Closed yfpeng closed 9 years ago
Hi there!
Fantastic work!
Do you mind making a few updates though before we merge it? Please feel free to ask questions if you have any :)
src/main/java/com/medallia/word2vec/Word2VecModel.java
The javadoc for the first should say:
"Forwards to {@link #fromBinFile(...)} with the default ByteOrder.LITTLE_ENDIAN".
The javadoc for the second method should say:
"@return {@link Word2VecModel} created from the binary representation output by the open source C version of word2vec using the given byte order"

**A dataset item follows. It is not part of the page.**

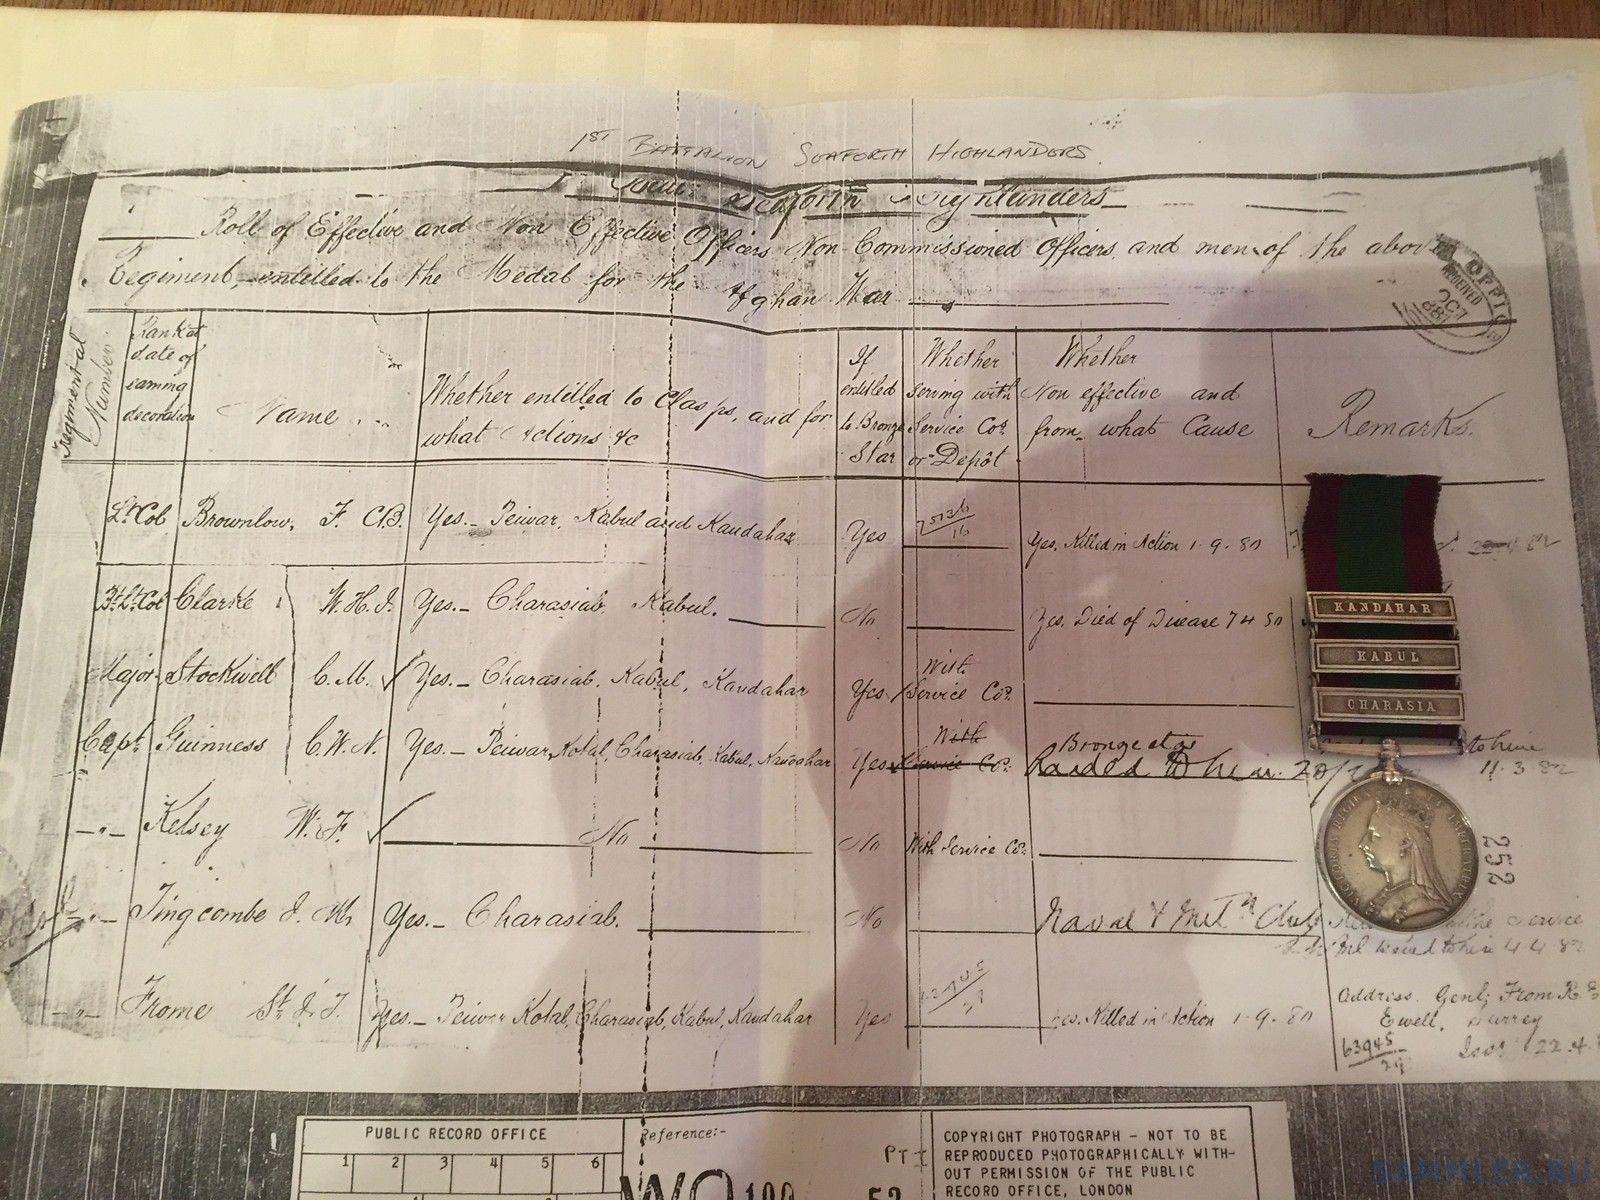 Afghanistan MedalSAM4.jpg

It would also be nice to give a URL to the C open source project, but don't worry about it for now since Google Code is closing down ...
Please use a ternary statement
in-line the variable?
same here
This should be done in a finally block of a try statement.
int index = firstLine.indexOf(' ');
After this call, it's usually nice to ensure that the index isn't -1. Something like:
Preconditions.checkState(index != -1, "Expected a space in the first line of file '%s': '%s'", file.getAbsolutePath(), firstLine);
src/test/java/com/medallia/word2vec/Word2VecBinReaderTest.java
Excellent unit test! However, a few things:
Let's add a tiny bit of class-level javadoc indicating that it tests converting the binary models into {@link Word2VecModel}s. Also consider adding an @see to the actual Word2VecModel.fromBinFile method.
@Test
This method's javadoc should say something like
"Tests that the Word2VecModels created from a binary and text representations are equivalent"
If you notice in the util package, there's a Common.readResourceToStream. Let's create a Common.readResourceToFile and use it here.
The vocab argument isn't being used, so let's remove that. Also, let's rename testVector to assertVectorsEqual.
Cheers, Andrew
Done! Feel free to make more comments. BTW, you can try to use the "Files changed" tab above and comment in-line. I haven't used it before, but I guess it might be easier for me to track your comment location.
Excellent work! Thanks for the updates, and the suggestion :)
Added a few comments to the files.
Cheers, Andrew
I cannot create a big-endian bin file using word2vec on my machine. I think all 80x86 processors from Intel® and their clones are little-endian. Only some Sun's and Motorala's machines, for example, are big-endian. Since Intel processors are quite dominant, shall we postpone the test case?
@wko27 Comments merged.
This function assumes that the bin file created by the C word2vec tool uses little-endian to write floats into the bin file. Each float occupies 4 bytes (32 bits) specified by the IEEE 754 standard. To read the word2vec model from a bin file, you can
Word2VecModel model = Word2VecModel.fromBinFile(file);
Alternatively, there is another function that also allows you to specify the bye order of the bin file.
Word2VecModel model = Word2VecModel.fromBinFile(file, byteOrder);